Oxford ist das Zentrum allen Wissens und Fortschritts in der Welt. Für Robin erfüllt sich ein Traum, an dem Ort zu studieren, der die ganze Macht des britischen Empire verkörpert.
Denn in Babel wird nicht nur Übersetzung gelehrt, sondern auch Magie. Das Silberwerk - die Kunst, die in der Übersetzung verloren gegangene Bedeutung mithilfe von verzauberten Silberbarren zu manifestieren - hat die Briten zu unvergleichlichem Einfluss gebracht. Dank dieser besonderen Magie hat das Empire große Teile der Welt kolonisiert.

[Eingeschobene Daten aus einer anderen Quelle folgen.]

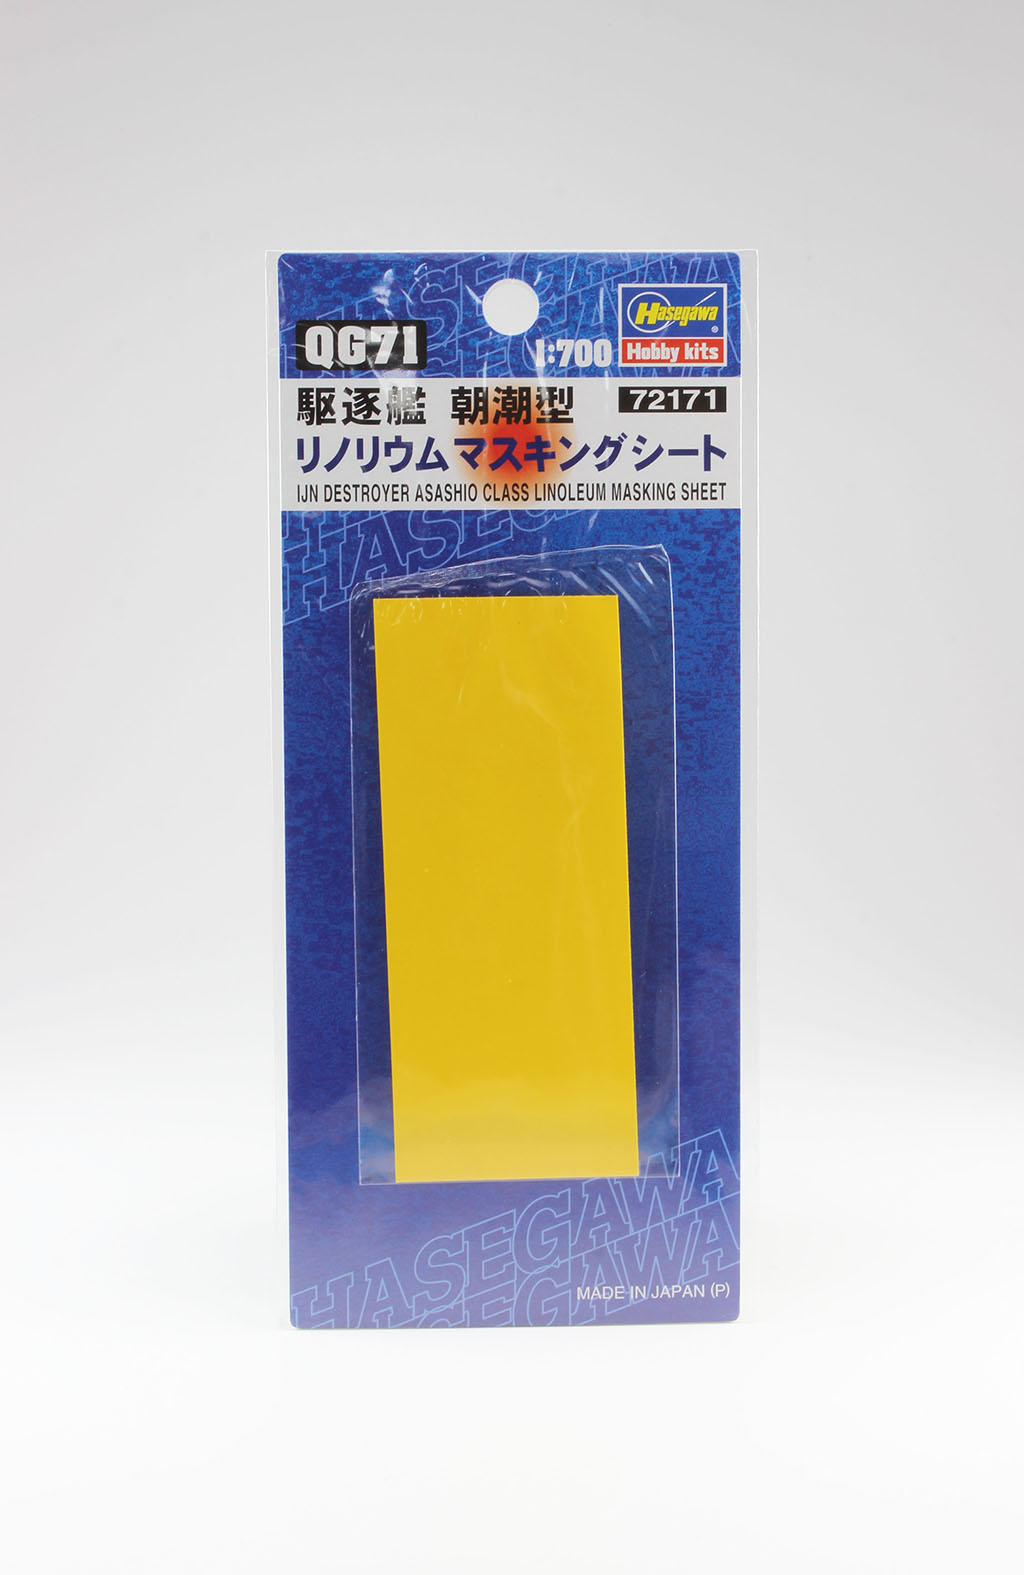 Hasegawa Ijn Destroyer Asashio Class Linoleum Masking Sheet QG71

Für Robin ist Oxford eine Utopie, die dem Streben nach Wissen gewidmet ist. Doch Wissen gehorcht Macht, und als chinesischer Junge, der in Großbritannien aufgewachsen ist, erkennt Robin, dass es Verrat an seinem Mutterland bedeutet, Babel zu dienen. Im Laufe seines Studiums gerät Robin zwischen Babel und den zwielichtigen Hermes-Bund, eine Organisation, die die imperiale Expansion stoppen will. Als Großbritannien einen ungerechten Krieg mit China um Silber und Opium führt, muss Robin sich für eine Seite entscheiden...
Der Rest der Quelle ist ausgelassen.